The pancreas FF measurements show good agreements between the two observers with two methods (0.957 for measurement based on the freehand ROI placement, and 0.947 for measurements based on the threshold-based segmentation, Table 1). Measurements between the two methods are also in good agreement (ICC = 0.983) (Table 2).

Discussion

Advantages of the 3D mDIXON Quant technique lie majorly in that: 1) a threshold fitting method can be used for full pancreatic-volume fat quantification; 2) the scan duration can be significantly reduced (about 15 seconds) with introduction of the CS-SENSE technique. This study is to explore performance of different methods for pancreatic fat quantification on the 3D mDIXON Quant images. For the conventional ROI-based method, the fat content of whole pancreas is represented by fat contents from several specific areas, and it can be limited to the representative regions of drawing in clinical practice, especially for those patients with inhomogeneous distribution of pancreatic fat 4. Therefore, it is more feasible to use the automatic threshold fitting method for entire pancreas measurements.

Conclusion

Both the freehand ROI placement and the threshold-based segmentation can be reliable for determination of pancreas fat contents on the 3D mDIXON Quant images. The threshold-based segmentation is recommended, since it can give a full pancreas evaluation and is more convenient in implementation.

Acknowledgements

No acknowledgement found.

References

1. Ozturk K, Dogan T, Celikkanat S, et al. The association of fatty pancreas with subclinical atherosclerosis in nonalcoholic fatty liver disease. Eur J Gastroenterol Hepatol. 2018;30:411-417.

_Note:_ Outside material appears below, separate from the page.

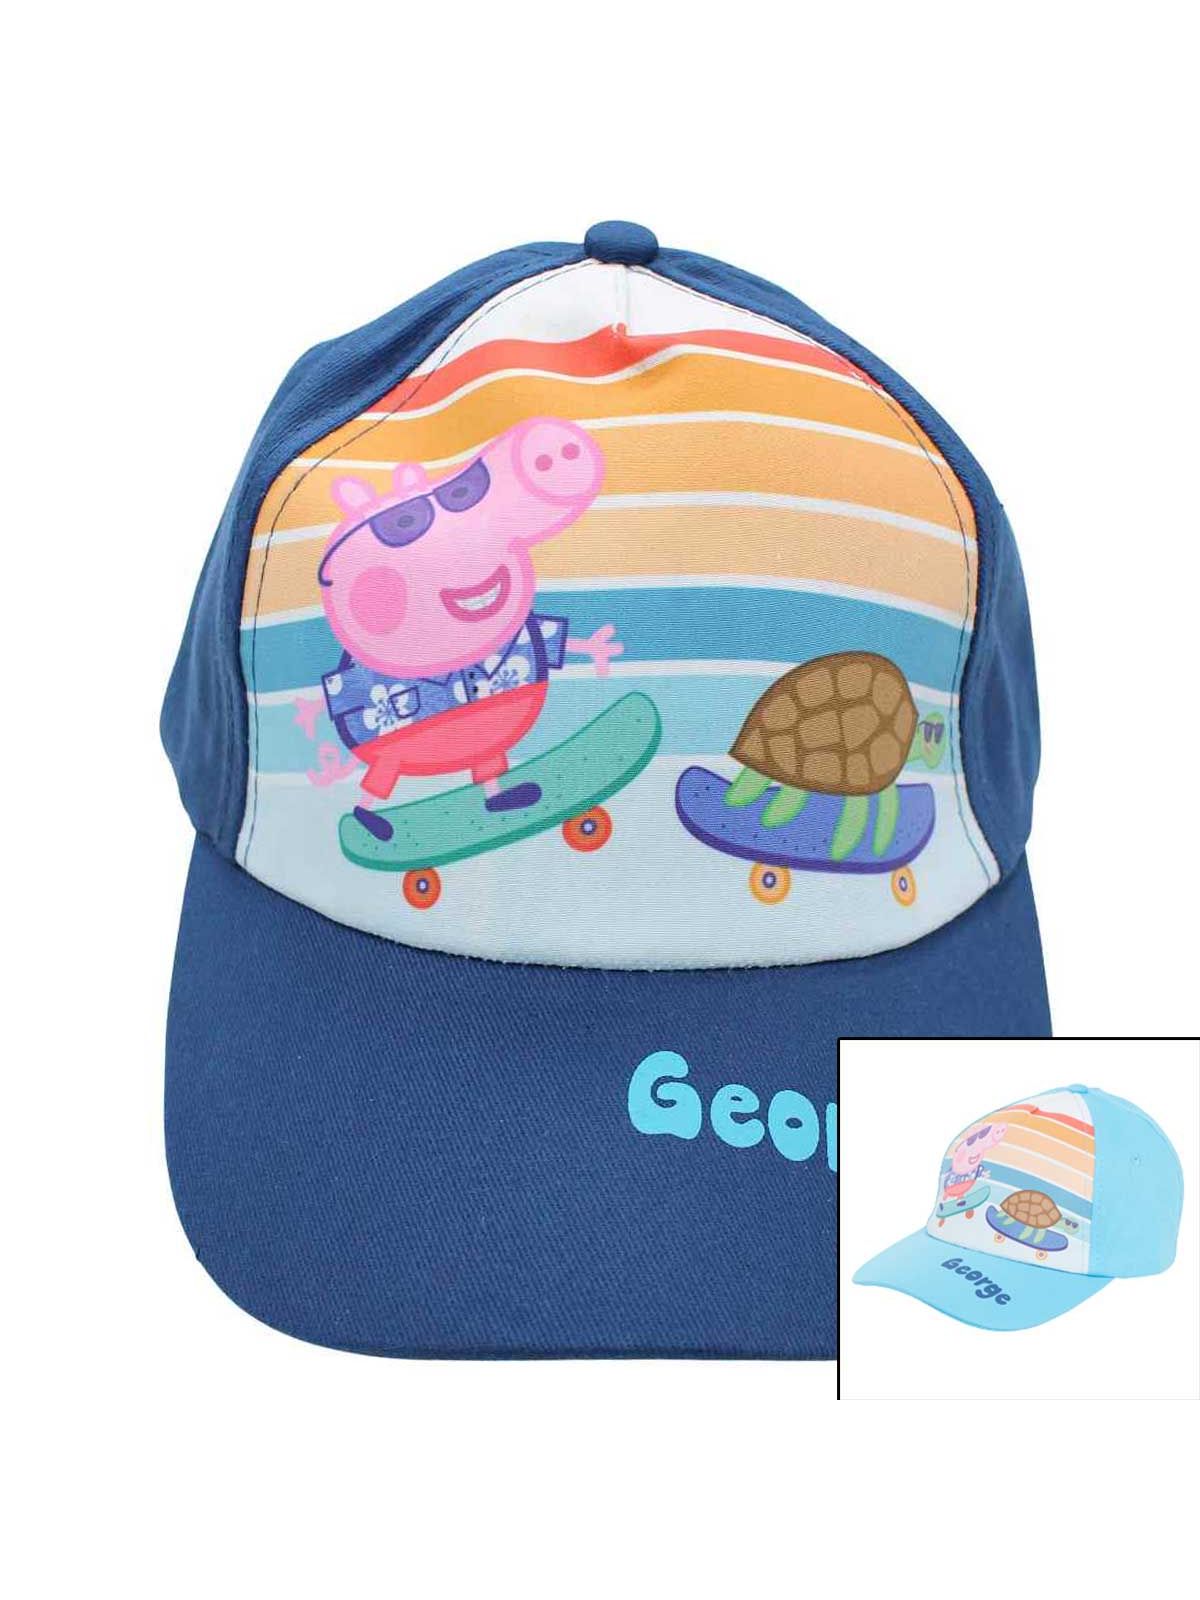 Peppa Pig Cap with visor

2. Singh RG, Yoon HD, Wu LM, et al. Ectopic fat accumulation in the pancreas and its clinical relevance: A systematic review, meta-analysis, and meta-regression. Metabolism. 2017;69:1-13.

3. Weng S, Zhou J, Chen X, et al. Prevalence and factors associated with nonalcoholic fatty pancreas disease and its severity in China. Medicine (Baltimore). 2018;97:e11293.

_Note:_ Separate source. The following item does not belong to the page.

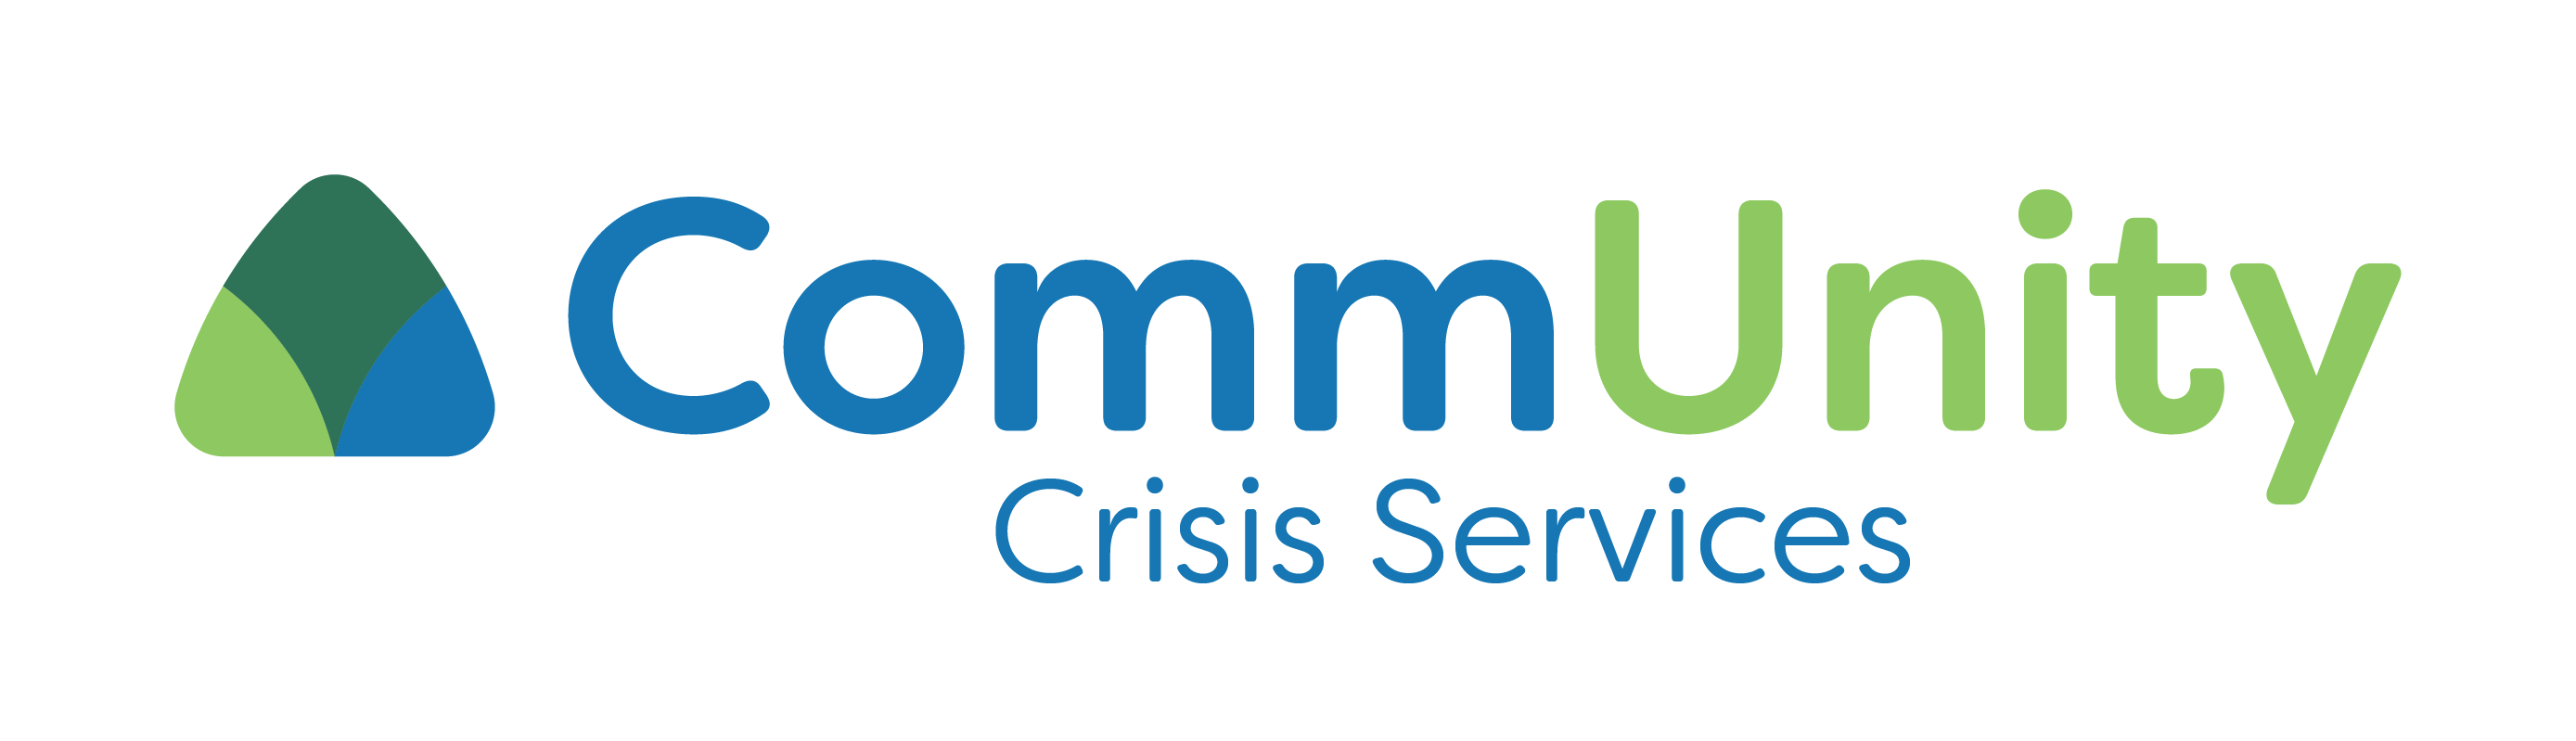 CommUnity Crisis Services logo

4. Kawamoto S, Siegelman SS, Bluemke DA, et al. Focal fatty infiltration in the head of the pancreas: evaluation with multidetector computed tomography with multiplanar reformation imaging. J Comput Assist Tomogr. 2009;33:90-95.

Figures

Table1.The pancreas fat fractions measured by the two observers and the corresponding time costs. Data with a ICC value greater than 0.80 were recognized to be with good agreement.

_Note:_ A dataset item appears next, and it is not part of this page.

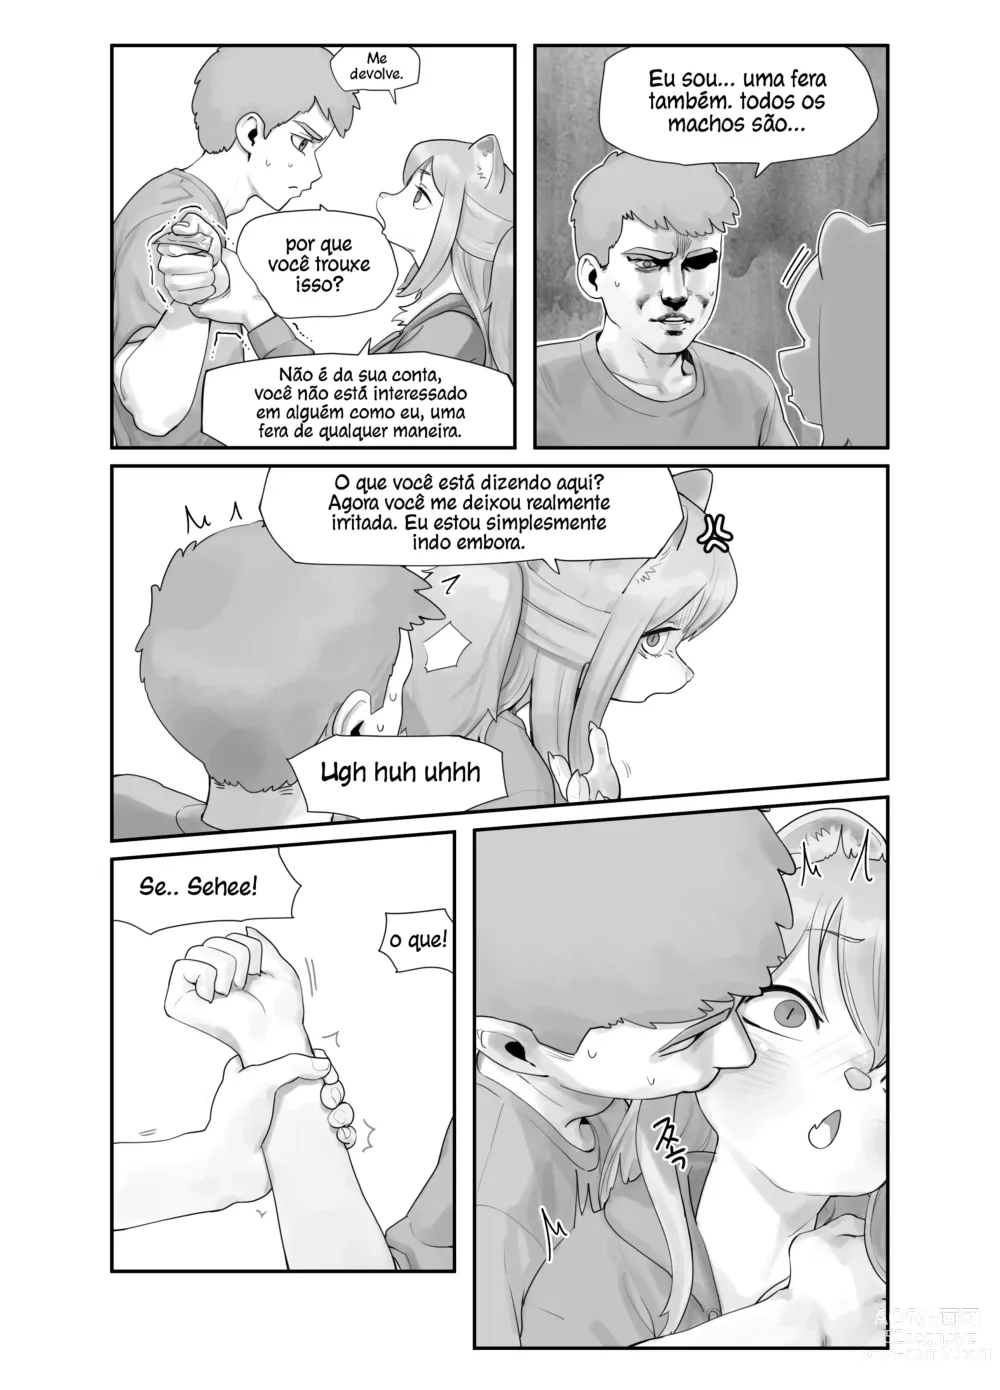 Page 5 of doujinshi Uma Amiga de Infância Suspeitosamente Erótica

Table2. Comparison of fat contents measured by the two methods. Mean values of measurements by the two observers were used. Data with a ICC value greater than 0.80 were recognized to be with good agreement.

Figure 1. The fat fraction image obtained by the 3D mDIXON Quant sequence with data post-processing on the ISP workstation for a heathy volunteer. Three regions of interest (ROI) with an area of approximately 25-64 mm2 were placed on the uncinate process (A), head-neck(B), body(C) and tail(D) regions of pancreas respectively on the fat fraction (FF) image. All ROIs were placed within the target regions by avoiding blood vessels, pancreatic duct and abdominal adipose tissue as much as possible.

Figure 2. 3D mDIXON Quant water phase image (A) and 3D mDIXON Quant fat fraction map (B). Threshold-based segmentation was implemented on the water phase image, and then copied to the fat phase image to automatically calculate the pancreas fat fraction map.